There are two parameters while using RBF kernels: C and γ (radial basis function: exp (-gamma*|u-v|^2). It is not known beforehand which C and γ are the best for one problem; consequently some kind of model selection (Parameter search) must be done. The goal is to identify good values so that the classifier can accurately predict unknown data (i.e., testing data) to achieve which, we perform a grid-search on C and gamma using 10-fold cross validation to accurately predict unknown data. Here is the result of our grid search shown in [Fig-2] on one of our training set to find best C and gamma using the RBF kernel function.
The value of c = 2 and gamma = 0.0078125 obtained using grid search was implemented in weka Libsvm which gave 95% accurate results.
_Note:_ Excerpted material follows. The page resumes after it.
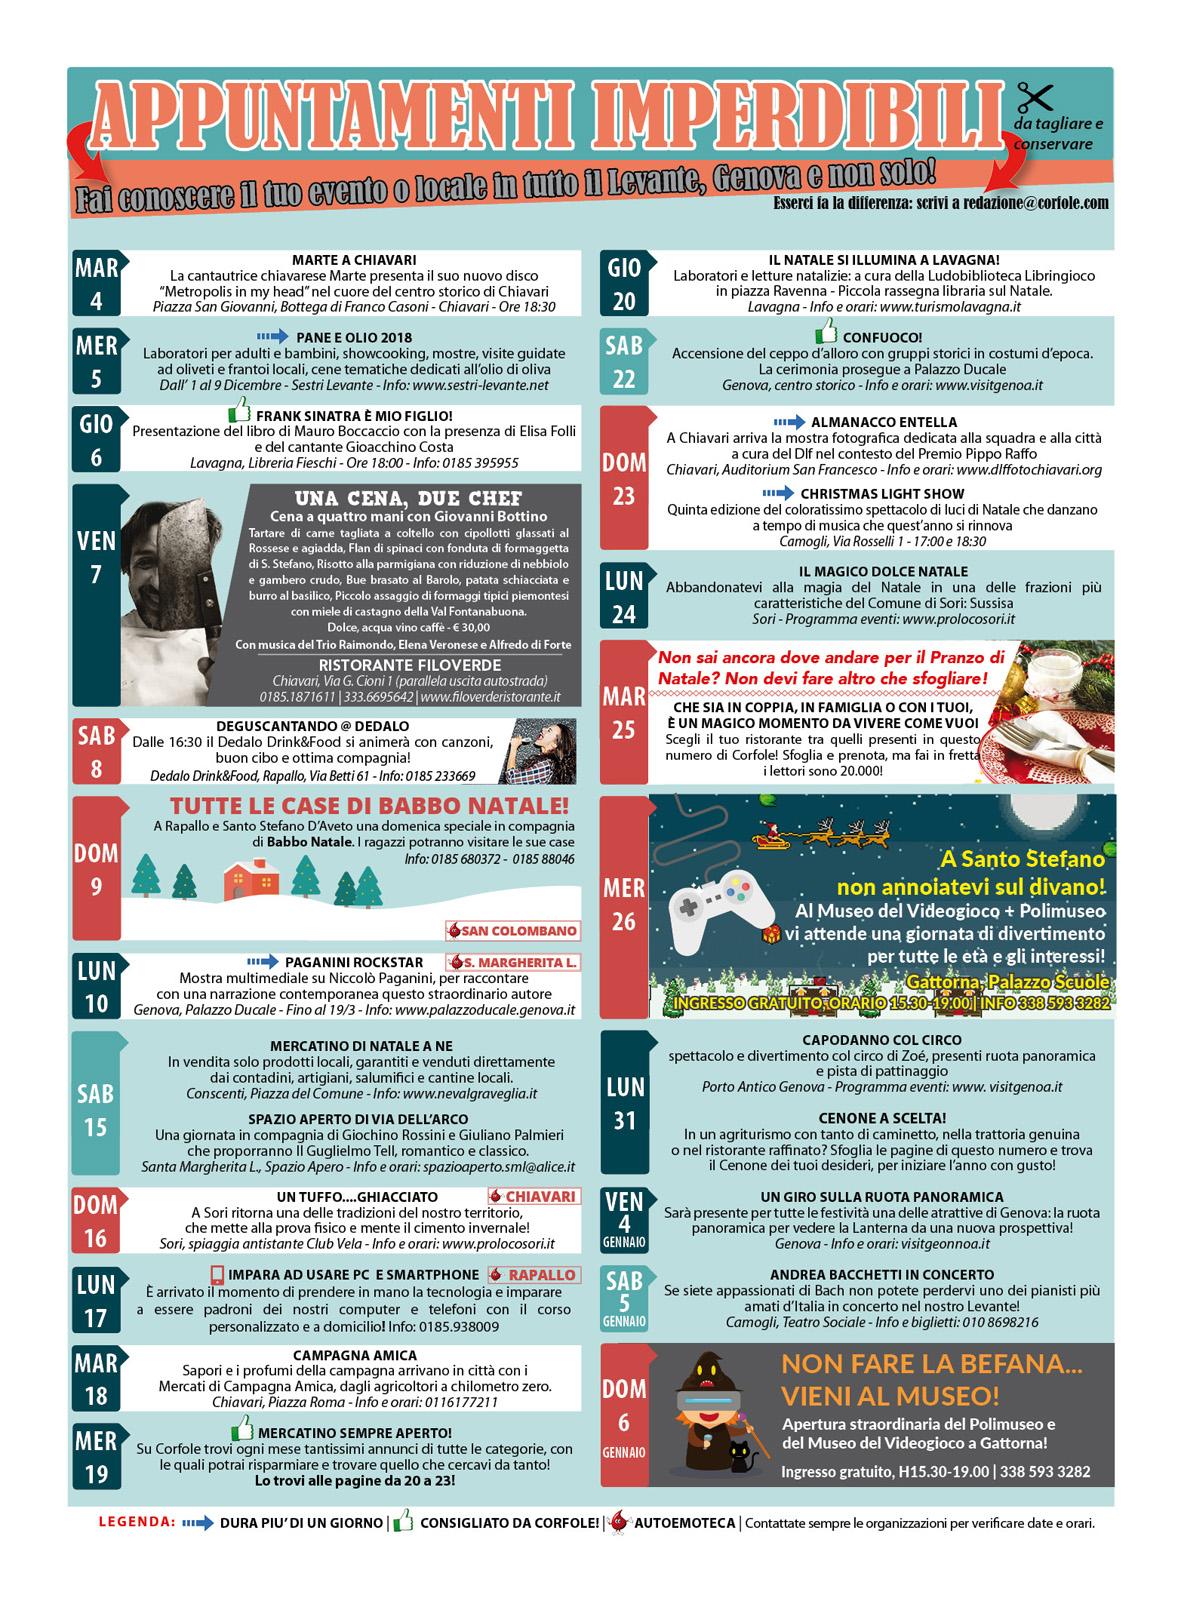 CALENDARIO EVENTI IMPERDIBILI DICEMBRE E FESTIVITA'

In the two class case with classes yes and no, a single prediction has the four different possible outcomes (where TP = true positive, FP = false positive, TN = true negative and FN = false negative). The true positive and true negative is correct classification. The overall success rate is the number of correct classification divided by the total number of classification.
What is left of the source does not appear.